C’était quelqu’un d’authentique. D’autres diront que c’était un original, surtout ceux qui auront été accueilli au dojo par ce petit bonhomme, tout en muscle, mais souvent seulement vêtu entre deux cours d’un slip et d’un soupçon d’eau de cologne. « Bonjour madame, est-ce que je peux vous renseigner ? » C’est sûr, il fallait aller de suite au-delà des apparences, sinon il y avait blocage !

Il fallait lever un peu le regard, et croiser ses yeux. Des yeux tellement bienveillants, lumineux et pétillants. Et là vous compreniez que ces offres, ces questions que l’on fait tous les jours sans y faire attention, « ça va ? Et les enfants ? », Guy en pesait chaque mot. Il ne vous disait pas « bonjour ». Il vous souhaitait une bonne journée, une journée pleine de travail, enrichissante et instructive.

Alors un original, un gars bizarre, oui, peut-être. Car c’est comme cela que l’on appelle aujourd’hui quelqu’un qui a des principes, et qui s’y tient : un original, un bonhomme un peu fou… Mais Guy, qui était un roc, au physique comme au moral, était sans doute une des personnes les plus attentives et ouvertes que l’on puisse rencontrer. C’était peut-être parce qu’il n’a pas eu la chance d’avoir ses propres enfants, mais les enfants des autres ne venait jamais lui parler en vain. Pour tout dire, il avait le même souci des hommes que des animaux, même si ces derniers lui ont peut-être mieux rendu son affection. Parce que, comme lui, ils étaient sincères. Mais maintenant qu’il va falloir faire sans Guy, on va peut-être comprendre que, bien sûr, des gens comme lui sont encombrants, gênants, ce sont des empêcheurs de penser en rond. Mais ils sont le sel de la terre.
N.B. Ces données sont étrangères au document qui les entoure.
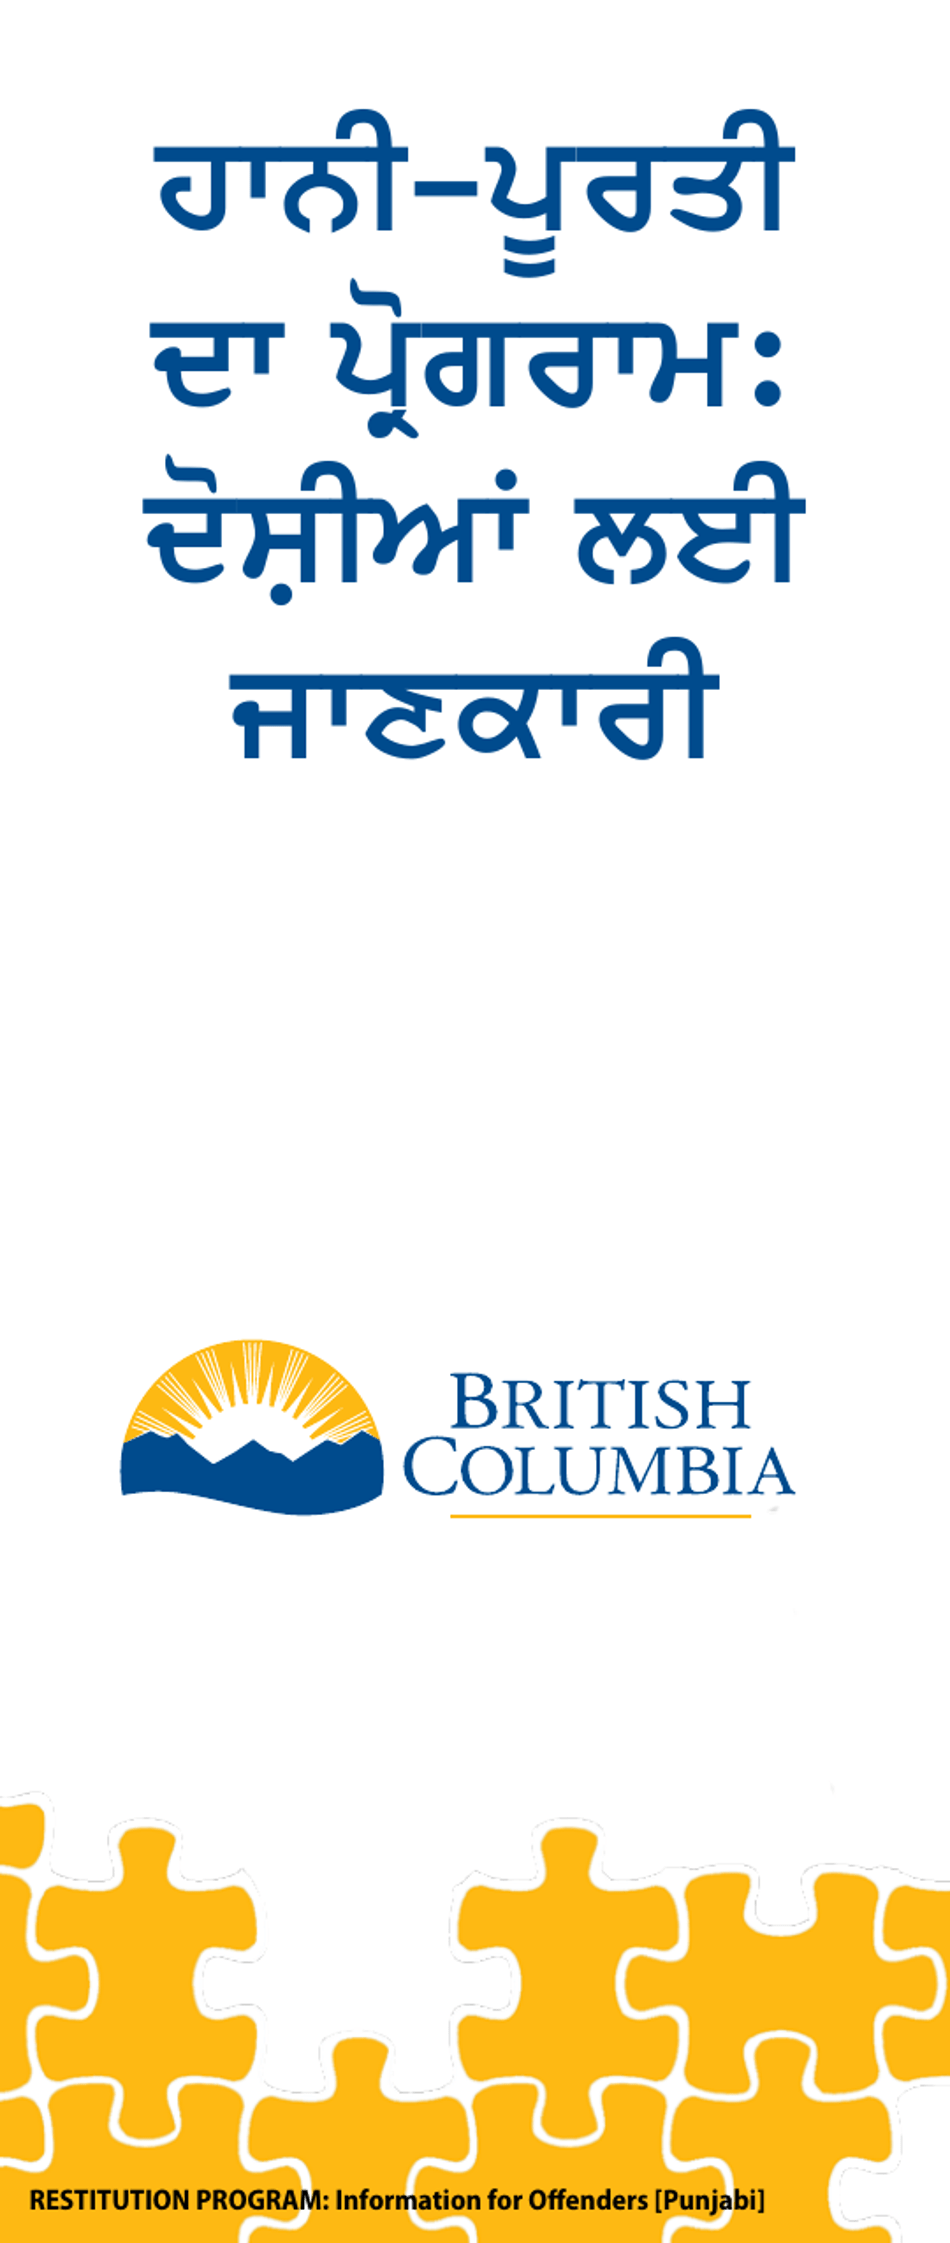 Restitution Program Application Form - British Columbia, Canada (English / Punjabi), Page 1
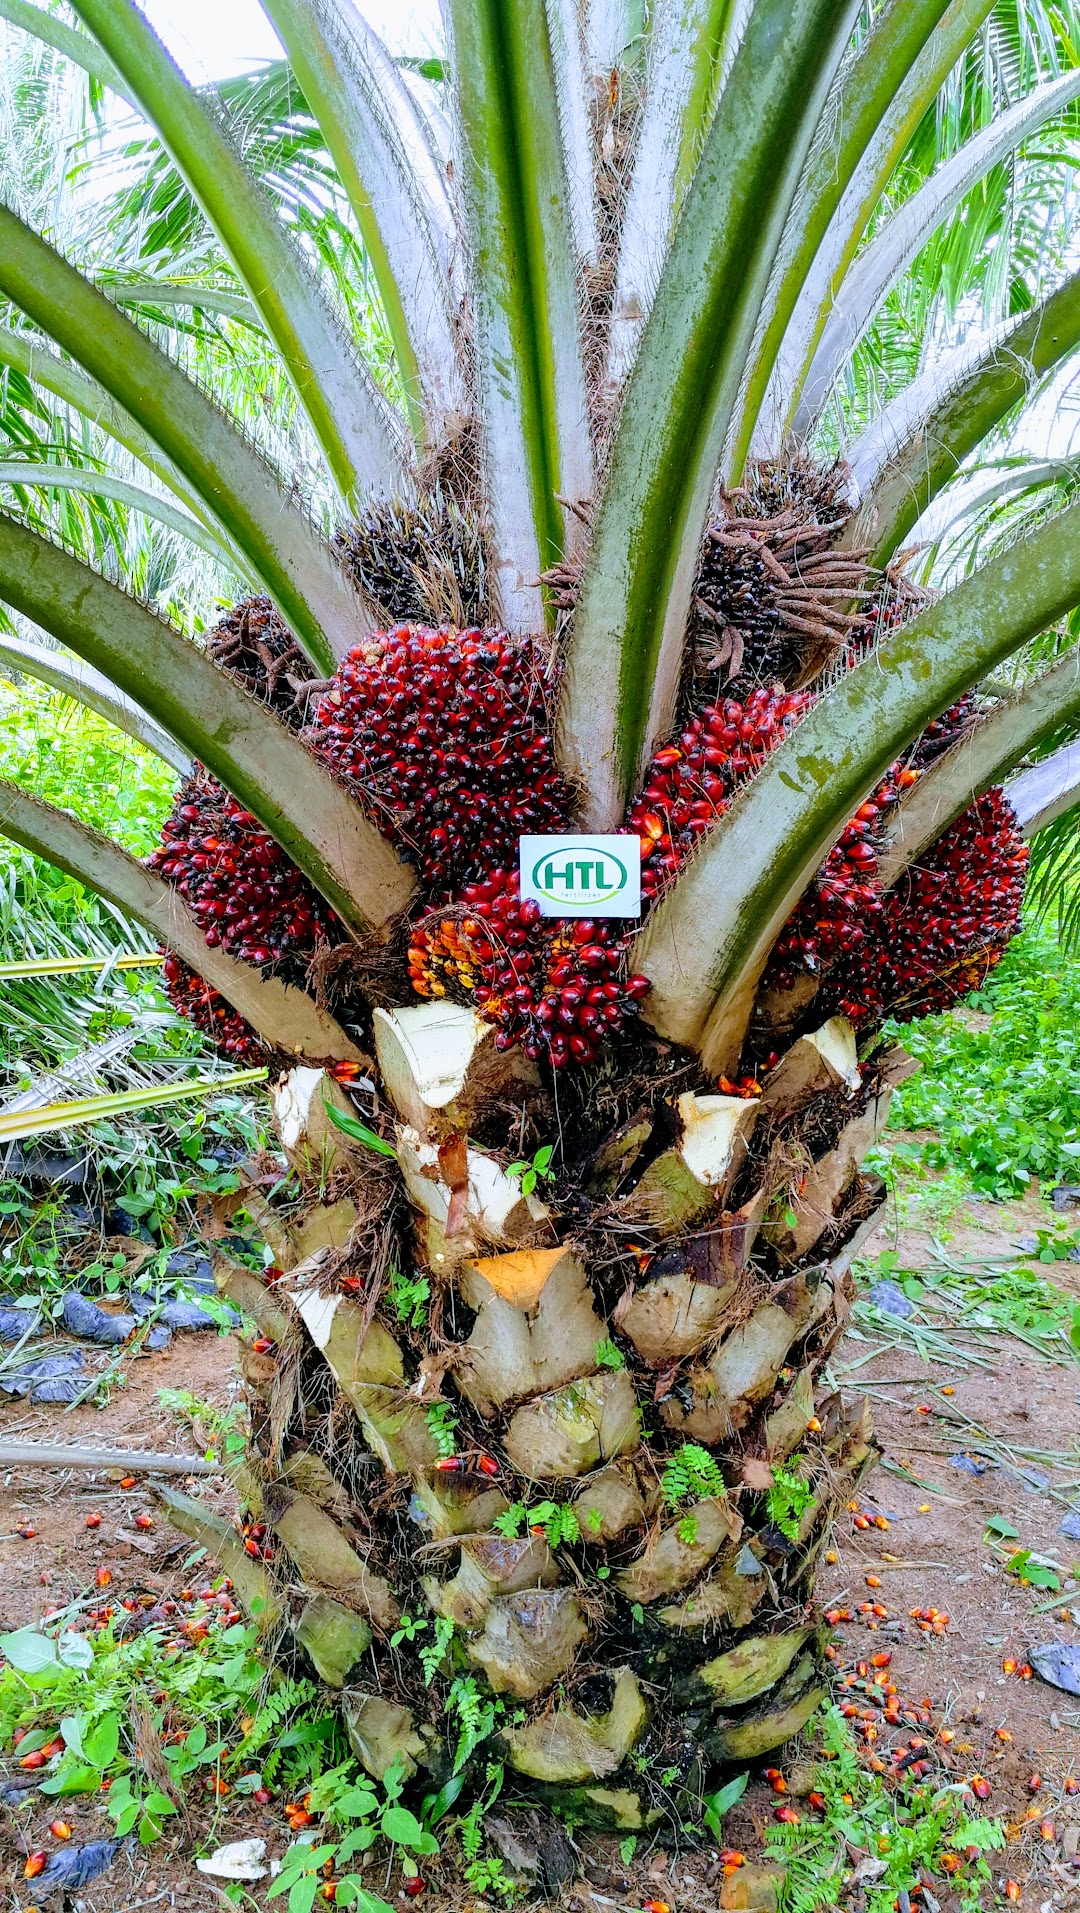 HTL Fertilizer (M) Sdn Bhd - Oil Palm Sample Lot

Ils donnent tout son prix à la vie.

Je voudrais terminer par un souvenir personnel. Un jour, au dojo, au cours d’une de ces conversations d’après entraînement, qui duraient souvent jusque tard dans la nuit. Il m’avait dit : « tu sais, on n’a pas de temps à perdre avec les conneries, les blocages, les emmerdeurs… Il faut abandonner toute peur, et avancer. » Bien sûr, donner ce genre de conseil c’est facile, alors que le suivre, ça prend toute une vie. Mais que ce conseil soit venu de Guy, j’y trouve la force de croire que, lorsqu’il a eu son accident, même si celui-ci est arrivé un siècle trop tôt, Guy, lui, était prêt. Et qu’il n’avait pas peur.